# St Peter's School Gainford



## scottyg100 (Apr 2, 2010)

St peter's school was opened in 1900 and was used as a catholic school and borstal to house 300 children, this place is known locally as the house of horrors for rumours of torture and abuse that happened here. If anyone fances watching a small documantry just go to this link [nomedia]http://www.youtube.com/watch?v=y9cgmS0eHsg[/nomedia].
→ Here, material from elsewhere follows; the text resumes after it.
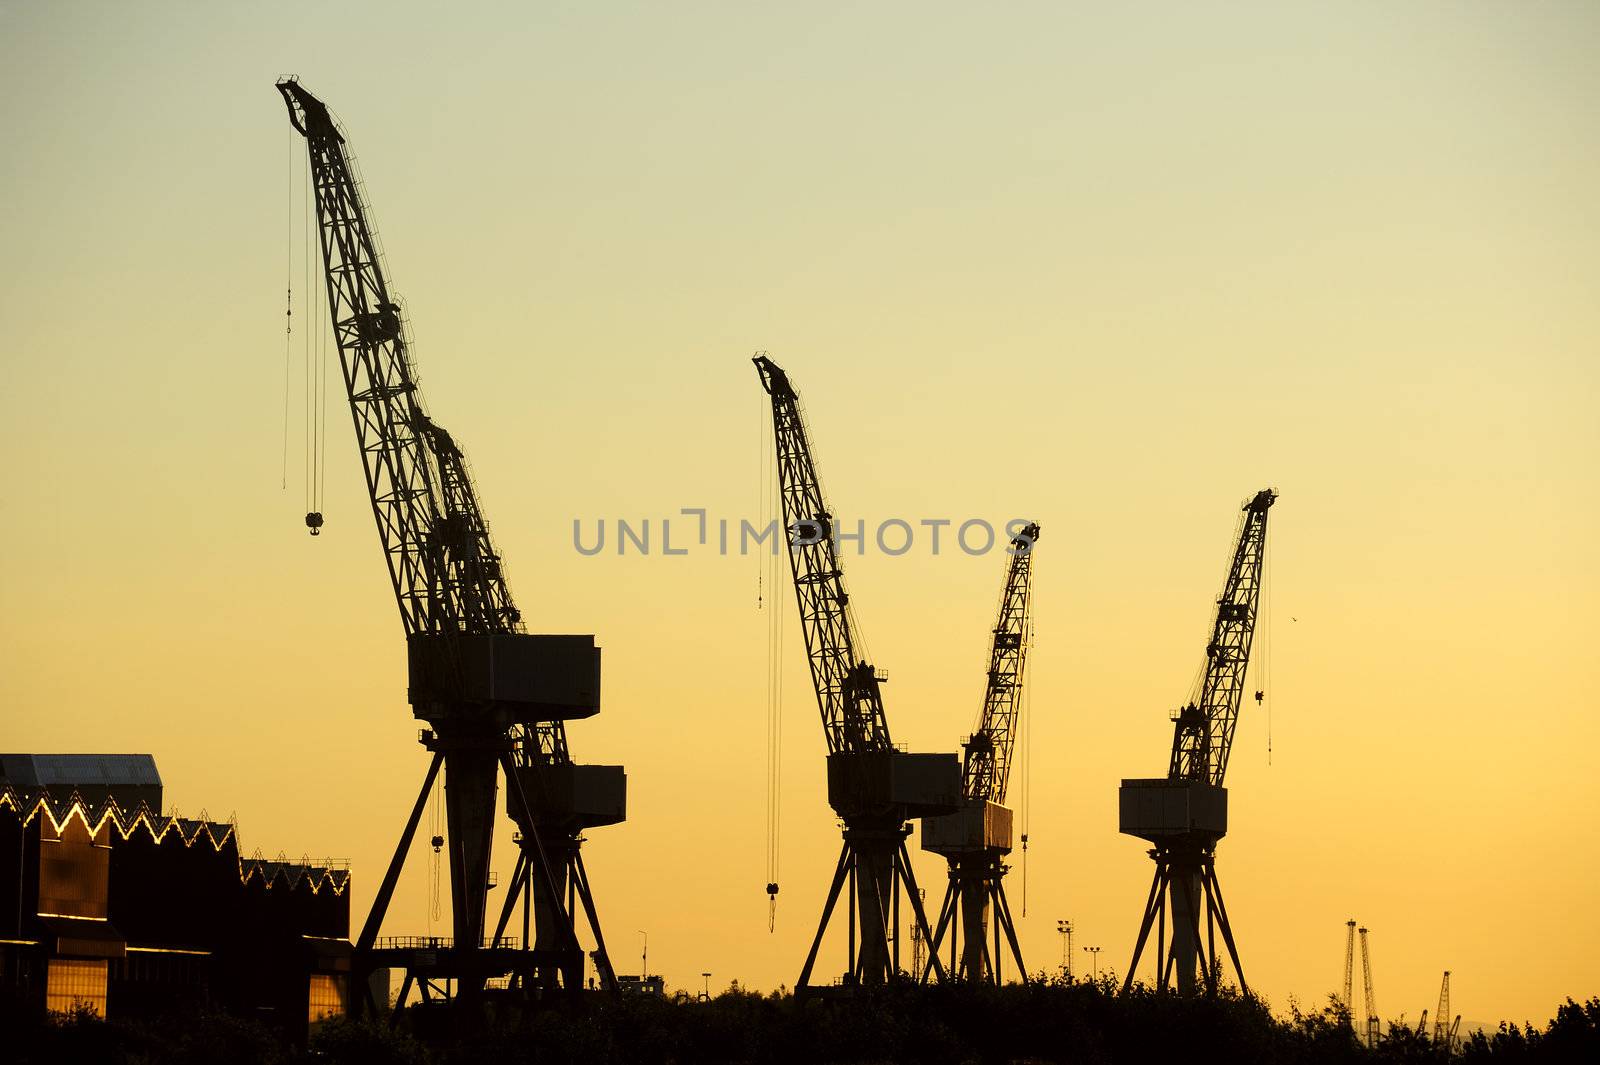 Cranes of a Glasgow shipyard silhouetted against the sky at sunrise/sunset (could be either). Space for text in the sky.

I visited here myself so never went inside if anyone fancies a visit please let me know. I can't find alot of history on this place so if anyone has any feel free to add to this report.




















































Thank's for looking.


----------



## jonney (Apr 2, 2010)

Is this Aycliffe bad boys home mate. A friend of my mam's used to work here and she used to tell me about some of the nutters they had to deal with. I think half the time it was just to keep me on the straight and narrow though. Nice photo's mate, it's a very impressive looking building. Keep up the good work


----------



## scottyg100 (Apr 2, 2010)

No jonney mate it's no where near newton aycliffe its on the A67 just passed High Conniscliffe as if you were heading towards Barnard Castle. on the subject of Aycliffe think i may have a look round the old bomb factory's on my next day off.


----------



## jonney (Apr 2, 2010)

There are still a few tell tale signs of the ordinance factory left on the industrial estate you will know them when you see them. If you go in by Talens off the Darlo Rushyford road and take your first left, follow the road round and some of the buildings are on the right hand side when you go round the right hand bend. They look very military. Happy hunting mate.


----------



## scottyg100 (Apr 3, 2010)

I know were you mean i go past it on the 21 there is a couple of out building's on the other side of the road. I know its occupied there is also an old brick building on that industrial estate that is boarded up so i shall have a look at that too.


----------